Крупная авария в биологическом комплексе унесла много жизней. Мутное облако смерти разнеслось на тысячи километров. Биологический комплекс занимался переработкой мусорных отходов, из которых производили топливо и газ. На одной из фабрик произошла утечка штамма сибирской язвы, новой наиболее страшной формы, которая превосходила по своей убийственной силе чуму средневековой Европы. После аварии жертв стало больше. Лекарств катастрофически не хватало, люди умирали, так и не получив вакцину. Правительство России заключило контракт на поставку необходимых медикаментов с Зелёного континента — Африки.


Люди продолжают умирать, и их становится всё меньше.


Робинс сделал глоток из фляжки и, набрав код в телефоне, посмотрел, сколько у него осталось монет. Ему с Руаной предстоял долгий путь в порт Тарифы, где могла улыбнуться удача.
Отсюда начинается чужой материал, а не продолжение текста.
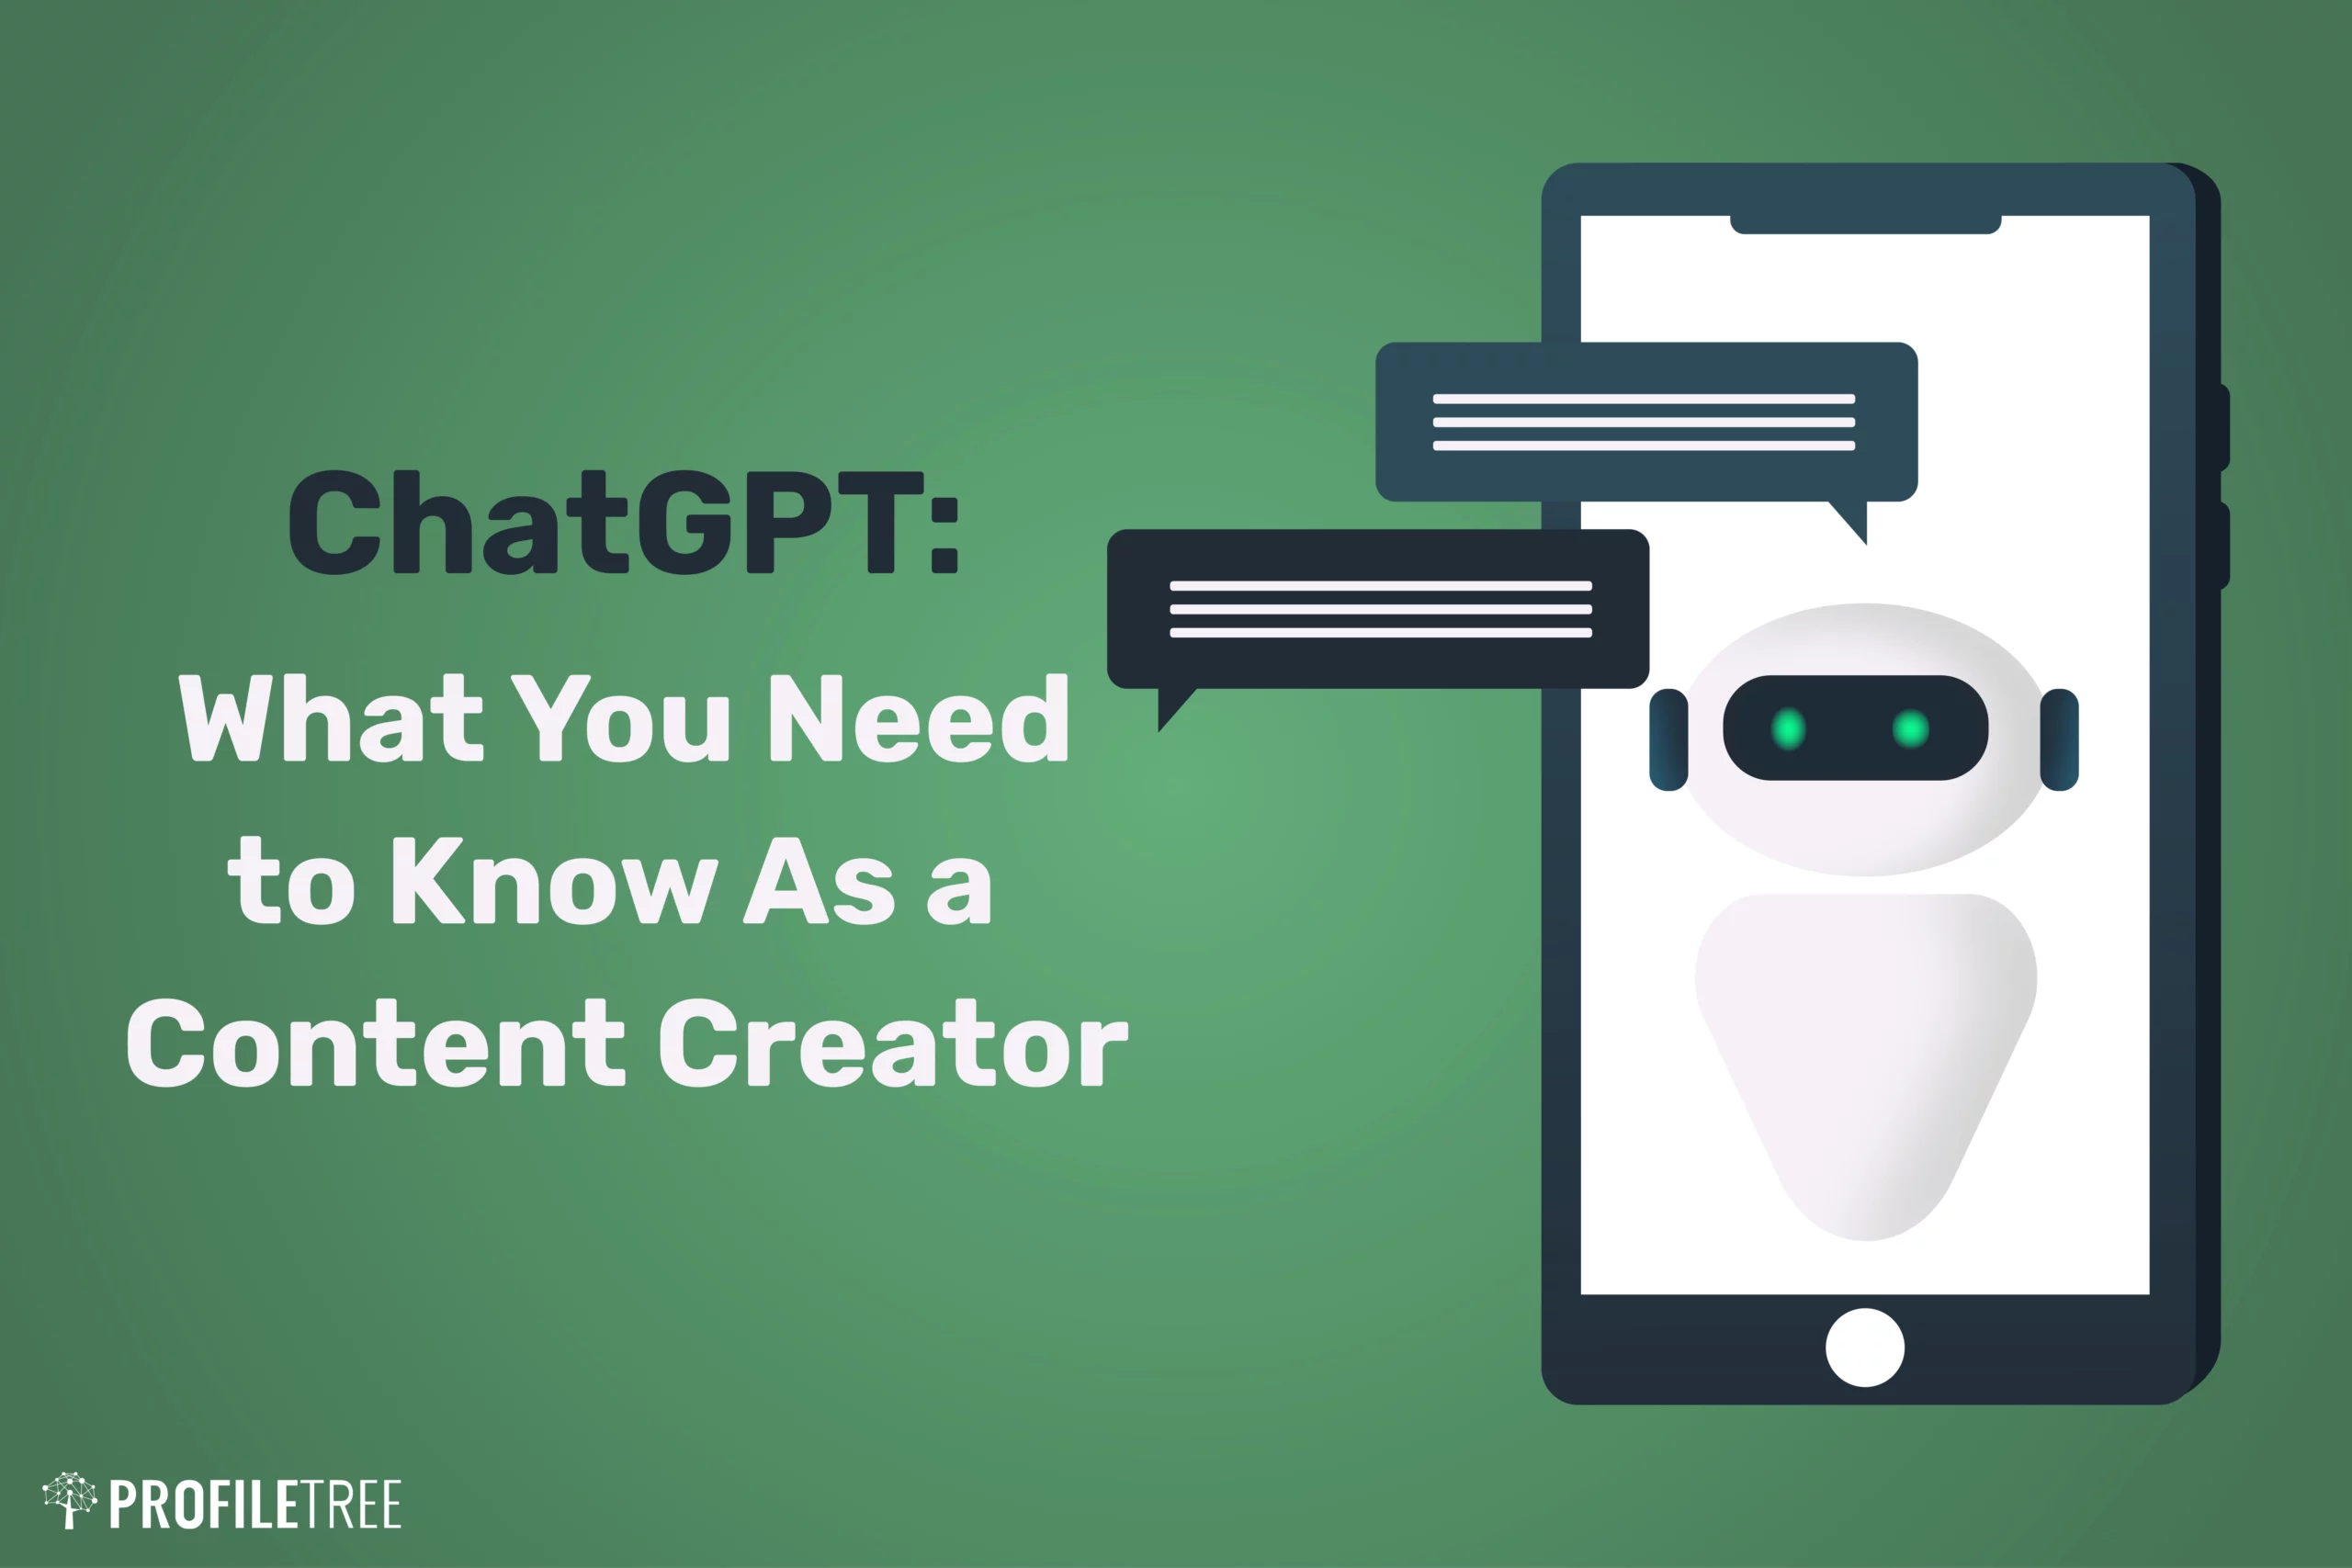 ChatGPT: What You Need to Know As a Content Creator

Чем ближе он подъезжал к Большому пути, тем больше становился гудящий поток машин. Одни надрывно пыхтели и сигналили, другие обречённо плелись в гуще потока. Из раскрытых окон автомобилей вырывались, словно испуганные птицы, крики. Люди спешили до рассвета пересечь путь пыльной дороги, так как ночью тут орудовали многочисленные банды головорезов. Разбойники знали, что этот путь в Тарифу последний шанс для многих. Люди, направляющиеся в порт, везли с собой ценные вещи, деньги и воду.


Удушливый дым от выхлопных газов сделал грязный воздух удушливым и отвратительным. Робинс закрыл окно, однако не стал включать кондиционер. Необходимо было экономить бензин, так как на подъезде к Тарифе его стоимость становилась просто бешеной. Он включил приёмник, чтобы немного отвлечься, и улыбнулся при звуке знакомой пени. Музыка из старого фильма «История любви» сейчас стала настоящей классикой. Она навевала приятные воспоминания. Тим закрыл глаза. Руана. Мысли о ней были самым светлым за последние годы в этом аду.


Тим знал, что на подъезде к городу их будет ждать военизированная охрана. Потом проверка документов, отпечатков пальцев и унизительная процедура досмотра. Дальше собеседование, на котором будет ясно, нужен ли он Новой Африке, Земле Обетованной, как её теперь называли.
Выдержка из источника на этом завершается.